Unless you're Rip Van Winkle, you know that health care reform has become law. But not enough has been written about the positive steps the law takes to expand and improve mental health and substance use coverage and services.
Mental health care and addiction treatment are included on the list of essential benefits that must be covered in new plans offered to the uninsured through the state exchanges. In addition, these plans must comply with the federal mental health parity law.
I think we will look back at the passage of the Wellstone-Domenici parity legislation as a watershed event. The law created a platform for advocates to push for mental health and substance use coverage in reform.
Another important change has to do with Medicaid. The law expands eligibility for benefits, but those newly eligibly through the expansion will receive benefits modeled on the private insurance packages. That means the requirement for providing mental health and substance use benefits and the principle of parity will apply to these new insurance enrollees
The law also takes important steps to improve care coordination. A new Medicaid state plan option is established to permit enrollees with at least two chronic conditions or at least one serious mental health condition to designate a provider (which could be a community mental health center) as a health home. A new grant program will support co-location of primary and specialty care services in community-based mental and behavioral health settings. Another grant program will fund community health teams to support primary care practices with interdisciplinary resources including access to mental health and addiction treatment specialists.
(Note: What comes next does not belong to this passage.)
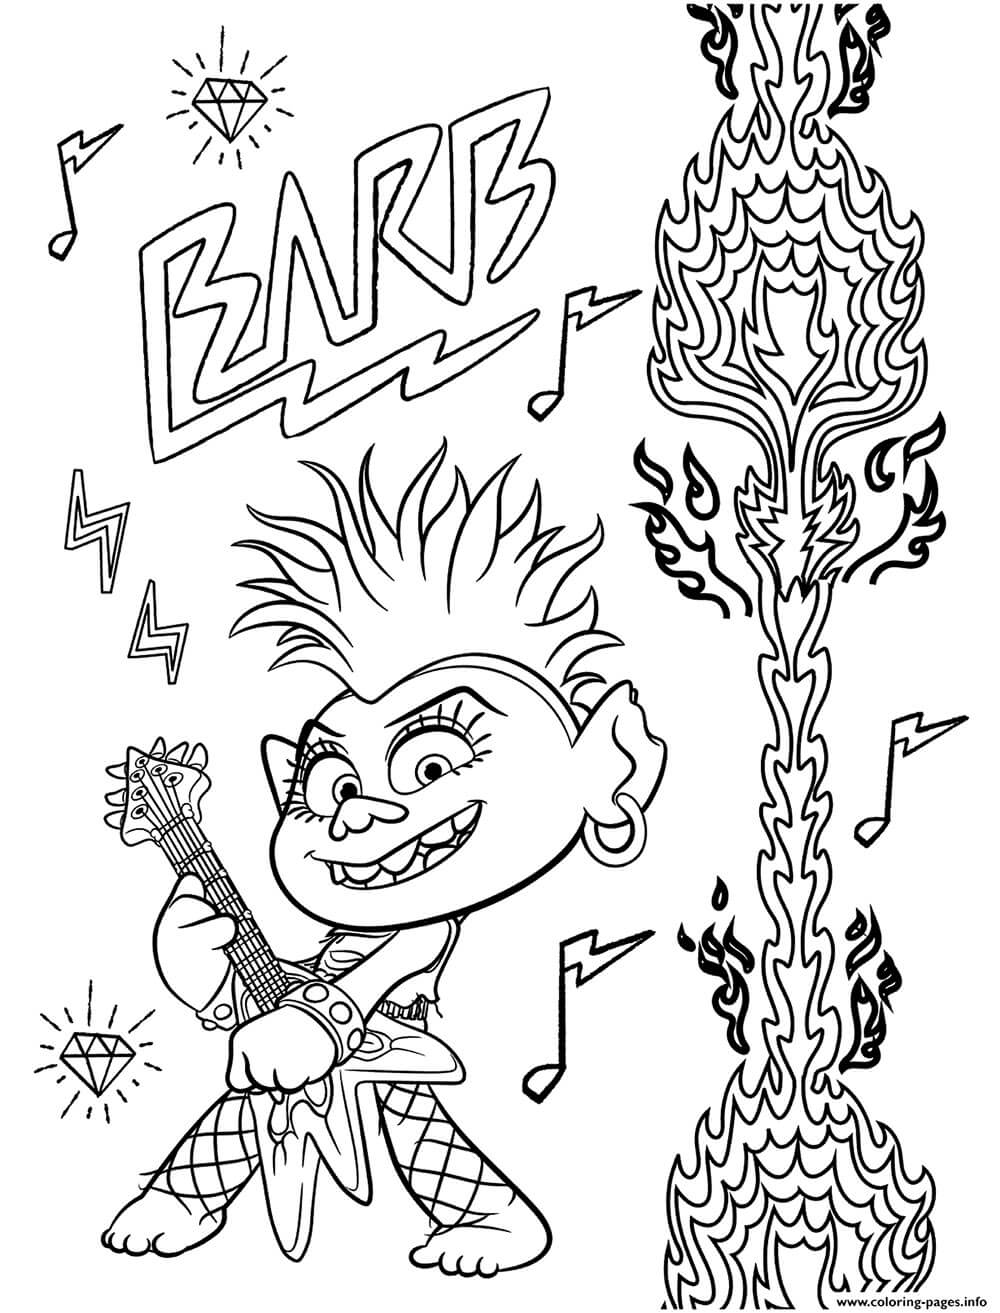 Queen Barb Trolls Coloring Page

Another program will develop, test, and disseminate shared decision-making tools to facilitate collaboration between patients, caregivers, and clinicians and incorporation of patient preferences and values into treatment decisions. A new office will work to integrate Medicare and Medicaid benefits for people enrolled in both programs and improve coordination between the federal government and states.
Several months ago I wrote about prevention and opportunity to realize advances in science within health reform. The new law takes important steps toward this goal. A new initiative will be established to coordinate federal activities and develop a national strategy. A new fund will be established for prevention and public health programs and a grant program will support delivery of community-based prevention and wellness services. Funding will be provided for early childhood home visitation programs and school-based health clinics with the requirement that they include mental health and substance use assessments, treatment and referrals.
Workplace wellness programs are also promoted. And there is more flexibility for employers to lower premiums or offer other incentives for employees who participate in wellness programs.
Other parts of the law will fund a new federal initiative to combat postpartum depression through a public education campaign; a new grant program will provide medical and support services for individuals with or at risk of postpartum conditions. And a Centers of Excellence on Depression grant program will support innovative interventions through services research.
These really are groundbreaking steps that will expand access, improve quality, and help in the prevention of mental health and substance use conditions. Now we have to make sure the law works.